Is your Facebook an Open Book? It probably shouldn’t be.

By Alexandra Sumner

You know what wasn’t covered in my Professional Responsibility class but should have been? Social media use. It’s a far cry to say the area is up-and-coming; Myspace was founded in 2003 and Facebook just a few years after. A lot of us grew up in the booming age of social media: picking a song for our Myspace page, messaging chatbots on AOL and venting our teenage angst on Tumblr. After growing up in such technology-driven times, you would think Millennial law students would know how to conduct themselves professionally but — like a well-counseled politician — they plead the fifth.

Pop quiz, which of the following types of social media posts could be seen as inappropriate: (A) a photo of you “studying” at the law school with a bottle of Jack Daniels, (B) a list of the stupidest people in your section, (C) a post complaining about your externship, while gushing over how hot your supervisors are, or (D) a tweet about how drunk you got at the Barrister’s Ball?  (As if people didn’t already know.)

The answer is (E), all of the above. These posts are not inappropriate in and of themselves — law students are entitled to their own opinion, just like everyone else — but the fact that law students hope to be a part of the legal profession means they ought to know the difference between a shall and a must. You shall interact with colleagues and professionals on social media. You must do so carefully. The point is not to censure ourselves into oblivion or to encourage us to be disingenuous; but rather to show law students how to use social media as a tool to help instead of hinder us.  

So where do we draw the line? Should 1Ls be scared to post anything about their law school experience? Should 3Ls abstain from sharing any news about their job search? What types of things are inappropriate and which are “just life?”

The best advice I’ve heard for incoming law students came from my Contracts professor, a woman who (thankfully) took time out of her first lecture to talk to us about the law school experience and professionalism standards. In her words, “Don’t post anything you wouldn’t want your grandma to see or your grandpa to read in the paper.” Keeping this third-party refence test in mind should help quell the inappropriate posting, but I’d like to add one more category to the adage: Don’t post anything you wouldn’t want the state bar association to see. It’s not worth losing your (future) license because you decided to take a picture of the complaint your firm just filed — #mistake!

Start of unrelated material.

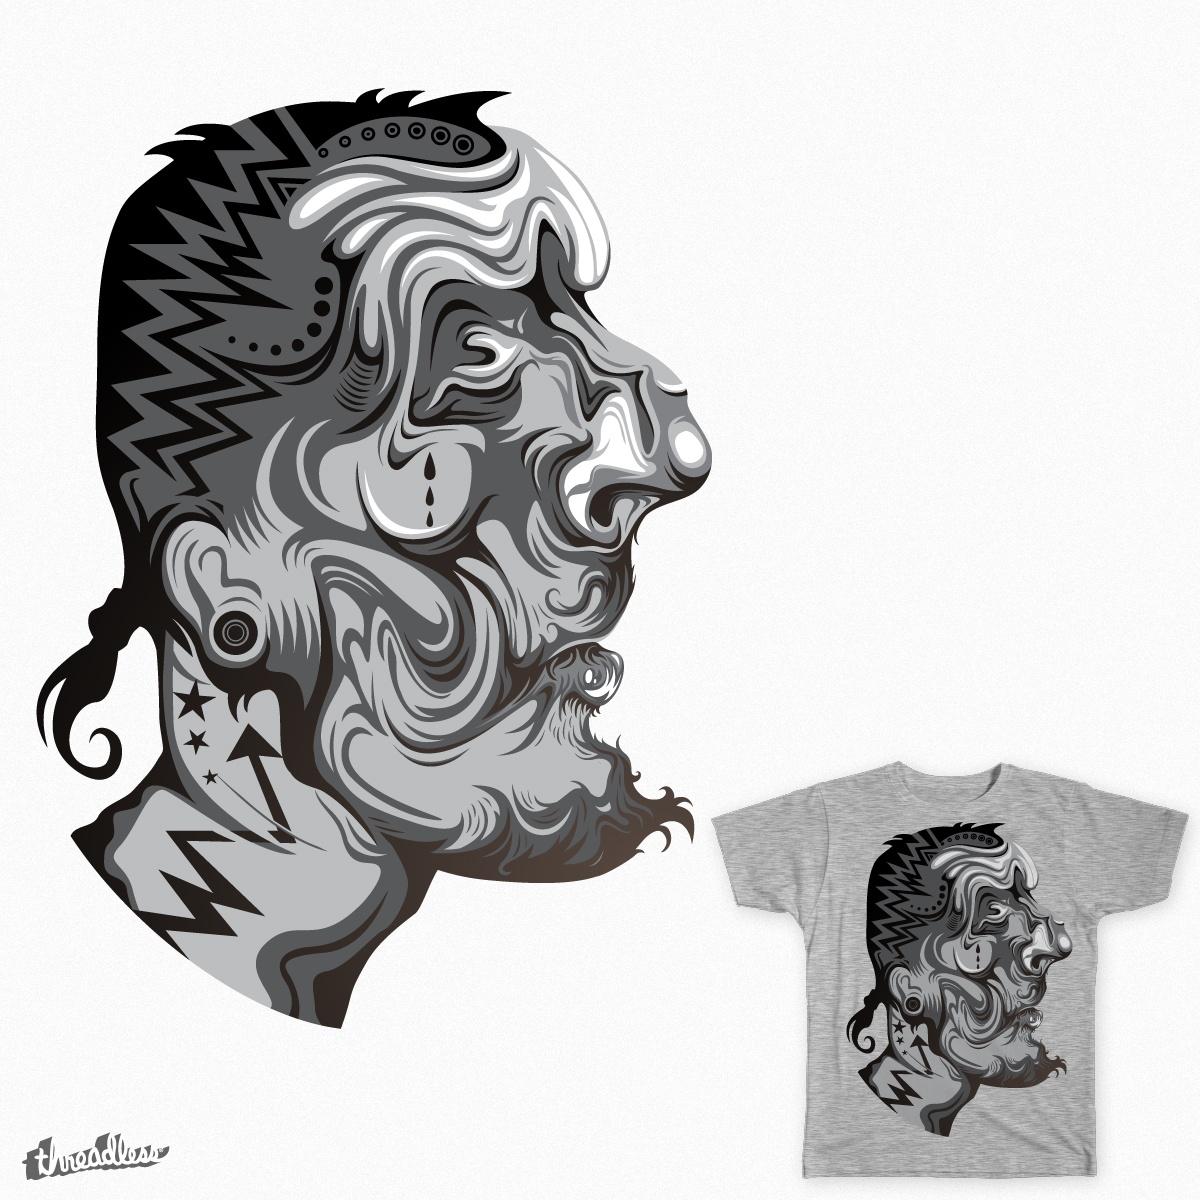 Chosen Hipster Mohawk by ZXDubstep on Threadless

Until the powers that be promulgate new standards, law students should be careful not to offend the old ones. What can we do to prevent this? Maybe don’t post that “only ugly women wear pantsuits” or take pictures of opposing counsel (and their client) and call them both “trolls” instead of women. Maybe don’t take a Snapchat video of your desk and your many computer screens — forgetting to close out the tabs containing incredibly confidential information. And maybe don’t Photoshop famous celebrities into your photos to heighten your credibility, making you look “cool” by association. (There’s a case on that one.)

Going forward, there are a lot of ways law students can use social media to make a name for themselves. You can engage in thought-provoking discussions with other professionals on Twitter. Or connect with key individuals in your field on LinkedIn. You can create original content on topics that interest you — blogs, videos, Facebook posts — all engaging readers in a respectful manner. You don’t have to change who you are, just how you act online.

Call me crazy, but I think there is a way to balance your first amendment rights, your professional obligations, and general human decency in such a way that you are able to express yourself without offending anyone or exposing client information. Social media can be a great tool for job hunting, resume building and engagement. It can show prospective employers who you really are, what you enjoy and what your goals are. In an era where everything is discoverable and your entire history is just a “google” away, be careful what you release into the ether. A joke about a client may be funny now but having to explain it to your supervisor certainly won’t be. Use social media responsibly — because if you don’t, nobody will “like” you.

Alexandra Sumner is a 3L at Indiana University — Robert H. McKinney School of Law in Indianapolis.